I know larger towns annexing smaller ones in NC seems to be the latest fad. Have any of you had this issue where you live? More specifically, have any of you fought and won? 

I ask because I heard it through the grapevine that Cary has it on their agenda to eat Morrisville. I live in Morrisville and refuse to live in Cary. And my family can't afford the costs of having everything switched over to Cary, either. It is my opinion that Cary is a model for Socialism and I don't want any part of it. In the eyes of the Cary government people like me are considered "riff-raff." So, needless to say, I want to fight and I want to do it right. And I want to start before it becomes common knowledge, this way when it becomes common knowledge we're ready to go. 

Any help??


----------



## Todd (Jul 3, 2006)

I haven't heard anything, but IMO, Cary is trying to be like the Roman Empire and slowly take over the entire region. Maybe they want to put up more of those hideous, useless, electronic signs (yet still have the most ridiculous sign ordnances ever).
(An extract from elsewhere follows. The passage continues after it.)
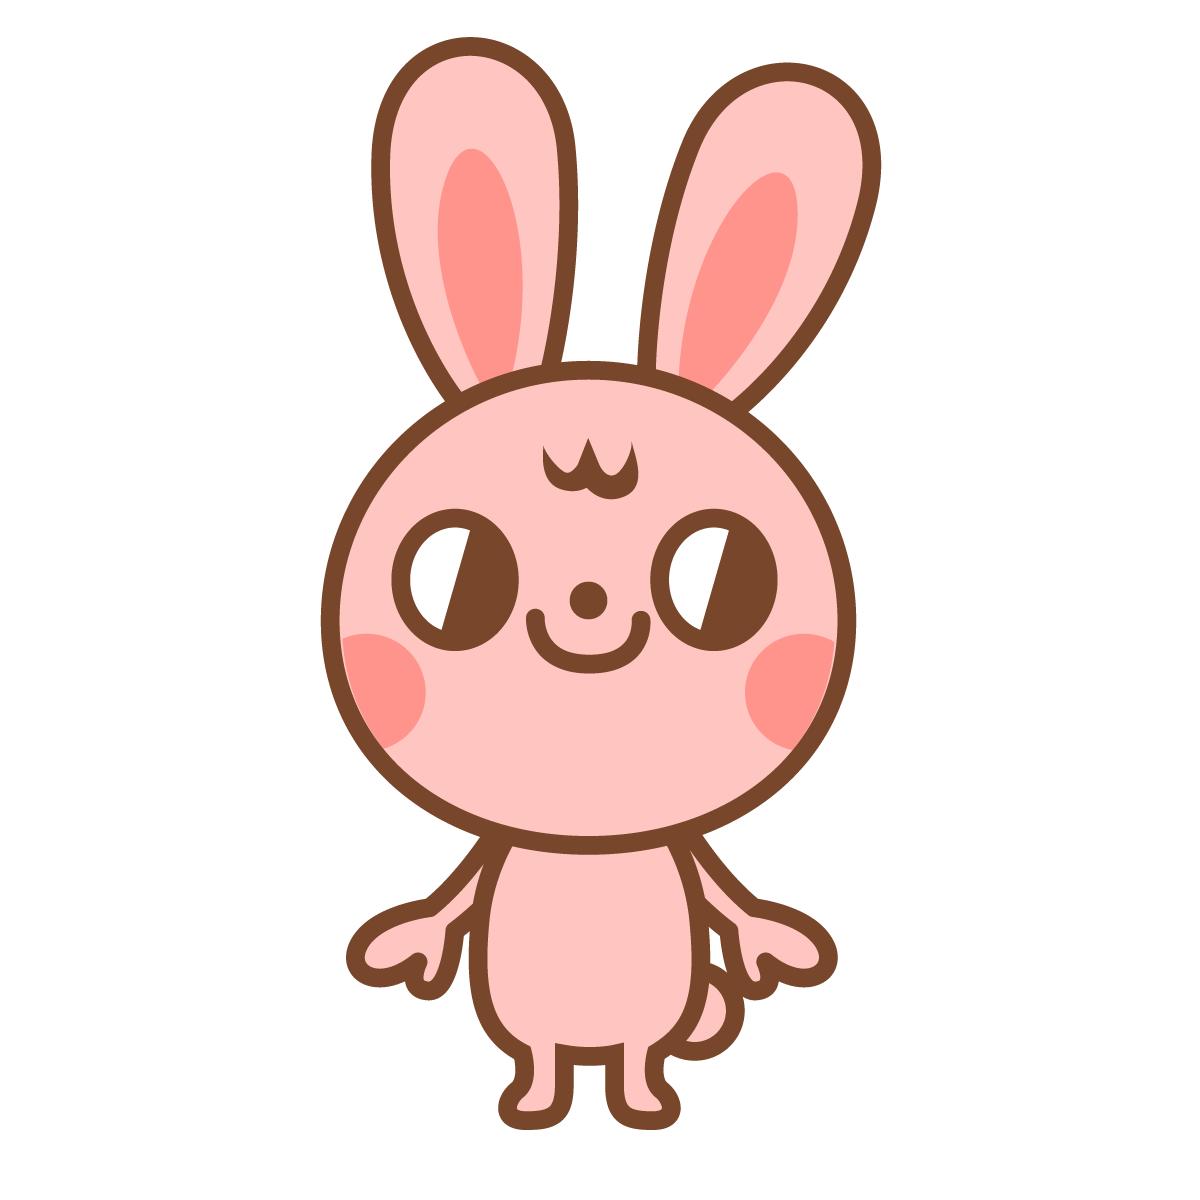 c_rabbit

I've also heard rumors that they want to take over parts of Holly Springs. But, as far as I know, they're just rumors. 

I really don't know where you'd start. Maybe attend a town meeting and raise the question to the board? 

If they do take over, you could always move to Fuquay. We still have Holly Springs between us and Cary and as a bonus, you get to live in a town that no non-NC resident can pronounce. :mrgreen:


----------



## tony pasley (May 6, 2006)

Unless you can convince your local gov't to stay independent from Cary it is hopeless.


----------



## SuckLead (Jul 4, 2006)

tony pasley said:


> Unless you can convince your local gov't to stay independent from Cary it is hopeless.


Well, as far as I know they don't want it. But Cary has promises of money for road work. Like we need any more construction around here anyway.


----------



## slohand (Aug 2, 2006)

I'm afraid that, sadly, if they want Morrisville they'll get it. 

You can always relocate here to Randolph County...lots of available space, low unemployment, excellent healthcare and schools and friendly people, too!


----------



## SuckLead (Jul 4, 2006)

slohand said:


> I'm afraid that, sadly, if they want Morrisville they'll get it.
> 
> You can always relocate here to Randolph County...lots of available space, low unemployment, excellent healthcare and schools and friendly people, too!


I wish I could afford to move. That's part of the problem. I can't afford to move and I certainly can't afford to pay the costs to have everything switched over to Cary.


----------